Kiku really provided excellent advice. As a user of Chinese cleavers, I agree that a thin blade is the way to go for a vegetable cleaver. Try dicing onions with a thick blade, it will be a mess.
I have this.
The blade is 3.25 high, and 7 1/8" long. I just measured the back thickness, and it is 0.068", between 1.5 and 2.0 mm, and tapers near the edge. It might have been 2.0 mm and then polished down to reveal the pattern. As you can see, the edge has a slight arc. I have an early Gerber cleaver, thick blade, flat edge, and it is useless for most anything. Need that arc.
this is a classic 7" long cleaver, supposedly made from Chinese artillery shells fired at Taiwan. Slight curve to edge.
Much more curve to the edge
a friend gave me this, it cost about $10.50 at the time. According to my friend, this is a "Japanese"Chinese cleaver. His Mom could read Japanese and said that was Japanese writing. The edge is seven inches, the height three inches. The steel is not tool steel hard, it is easy to restore an edge.
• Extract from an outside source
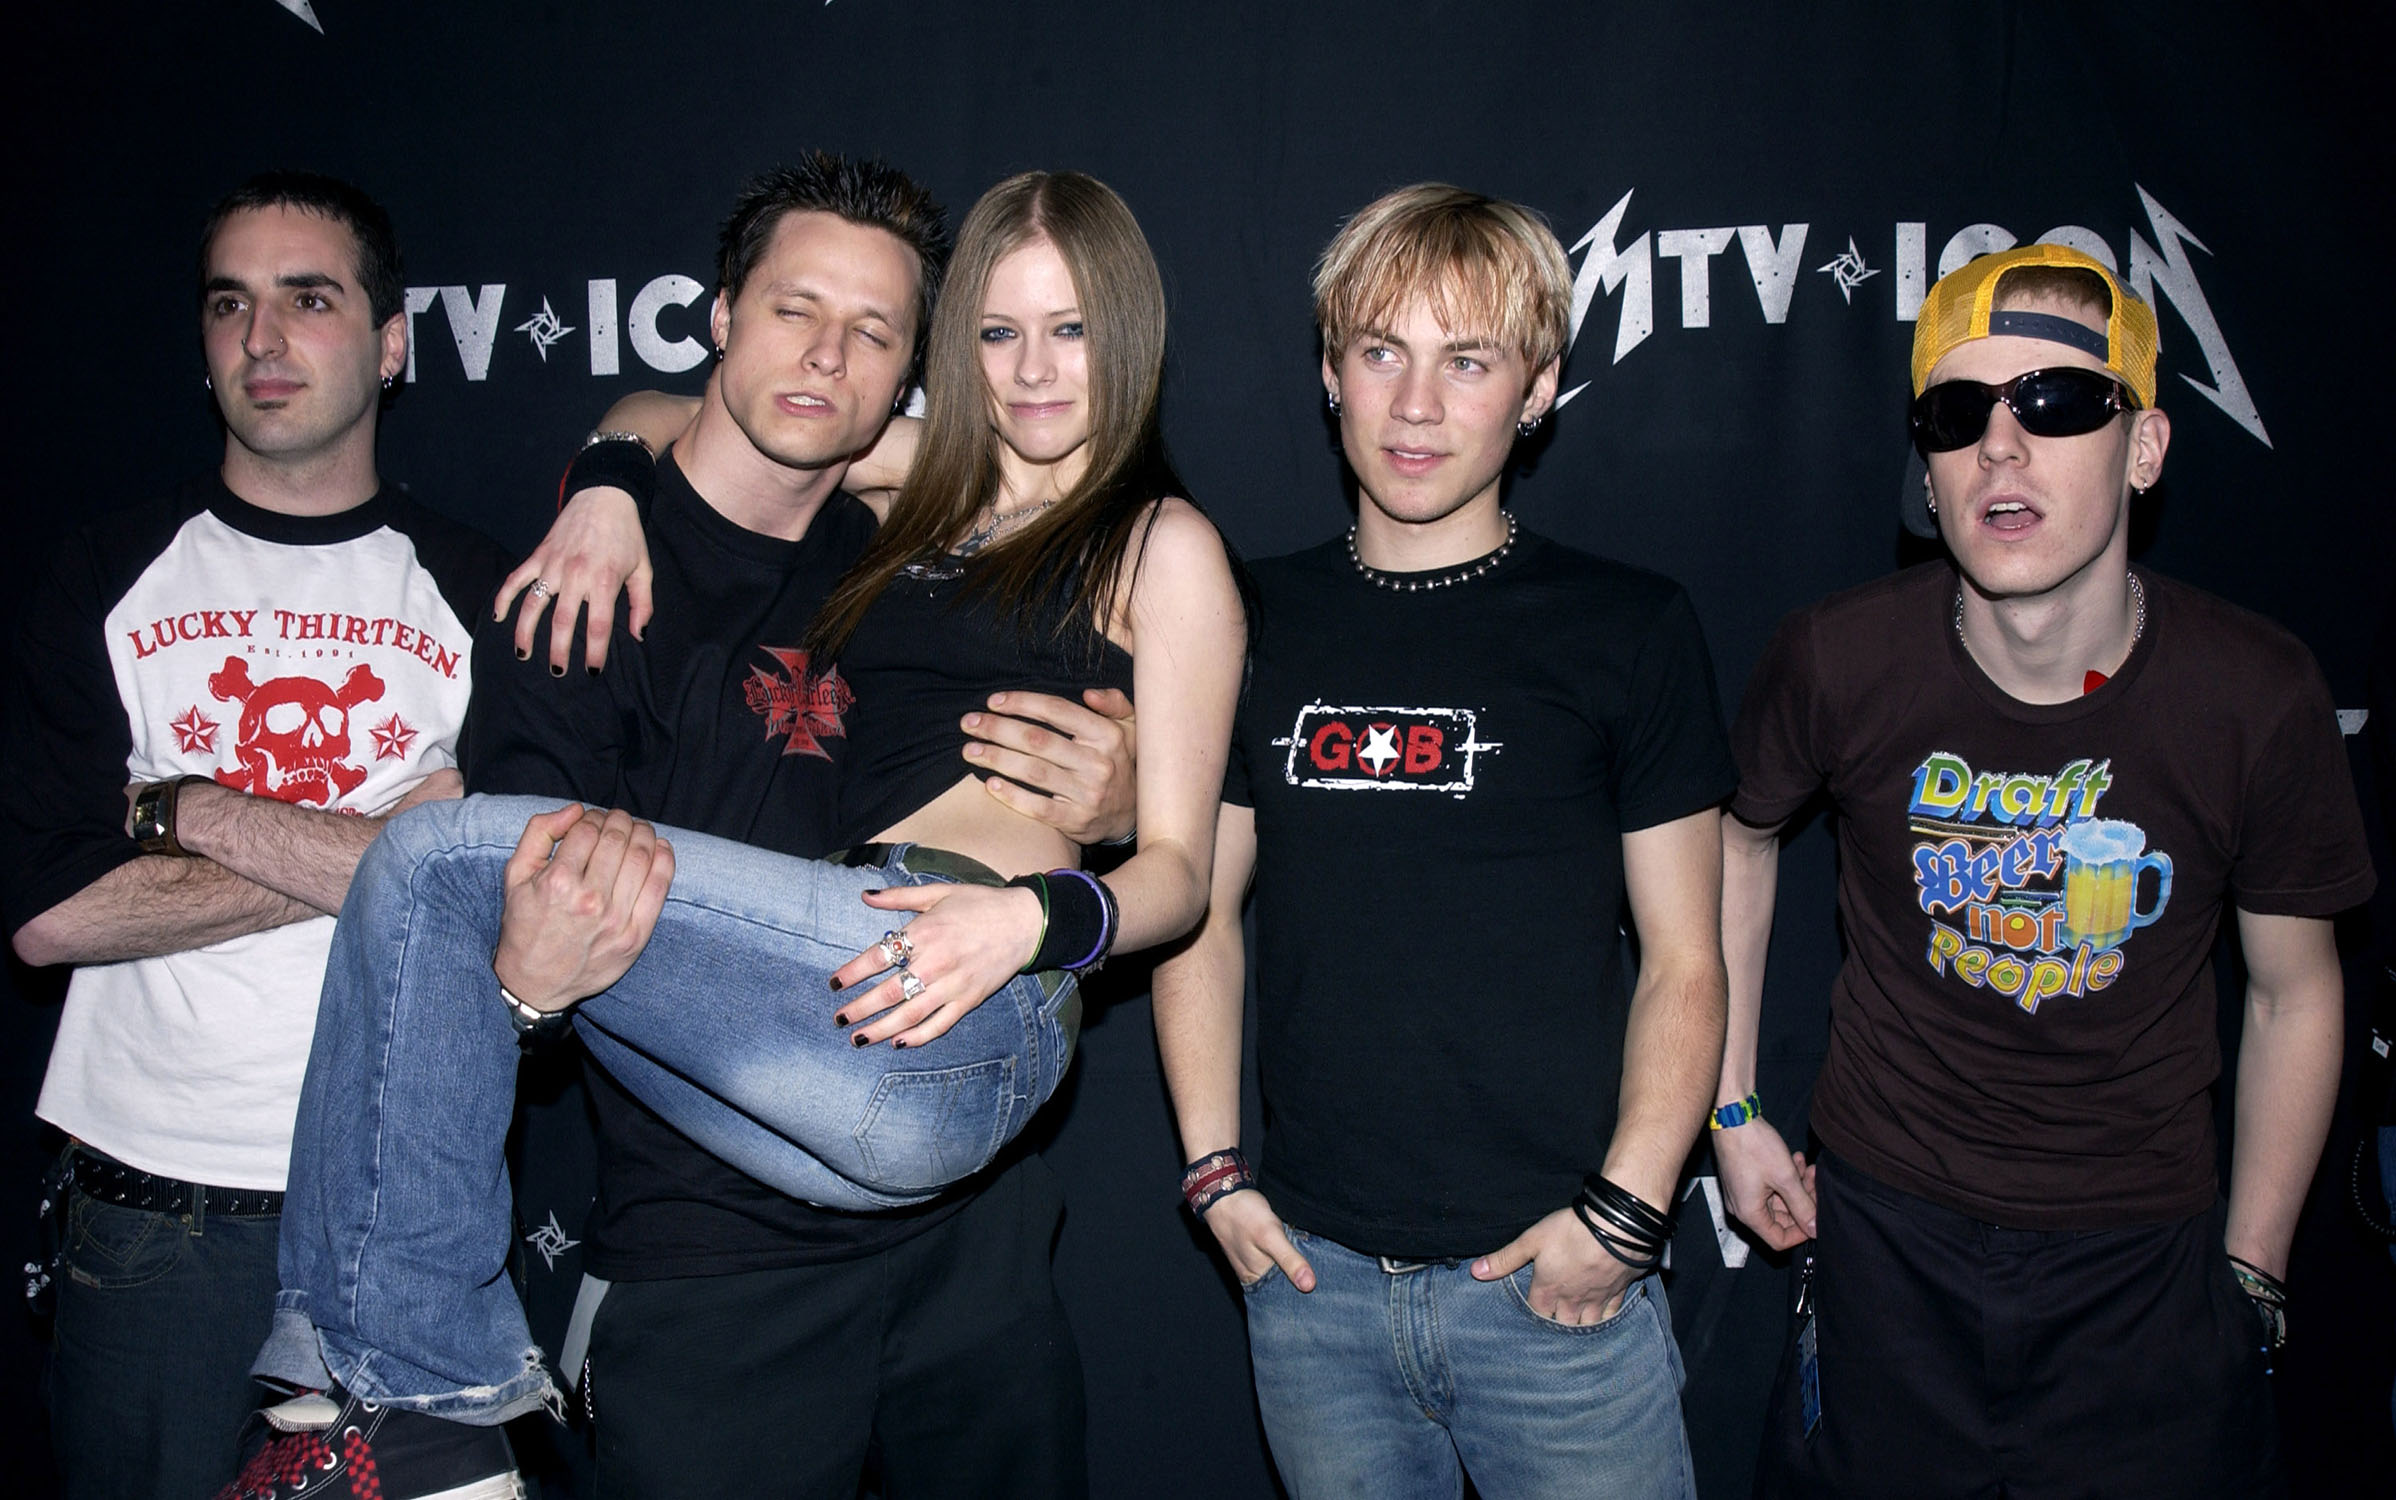 MTV Icon - Metallica 03.05.03

the back of the blade is slightly more than a tenth of an inch. So you can understand the need for the three bevels. The knife is quite flat till down to the bevels. I have used this a lot, and I bash frozen vegetables with the back of the knife. I like the hole as it allows me to hang the thing on a hook.
I like the blade height on these cleavers, and then I can use the knife to scoop up siliced or diced vegetables off the cutting board. I hardly ever chop with one, not anymore than a Chef's knife: I use them primarily as slicer's.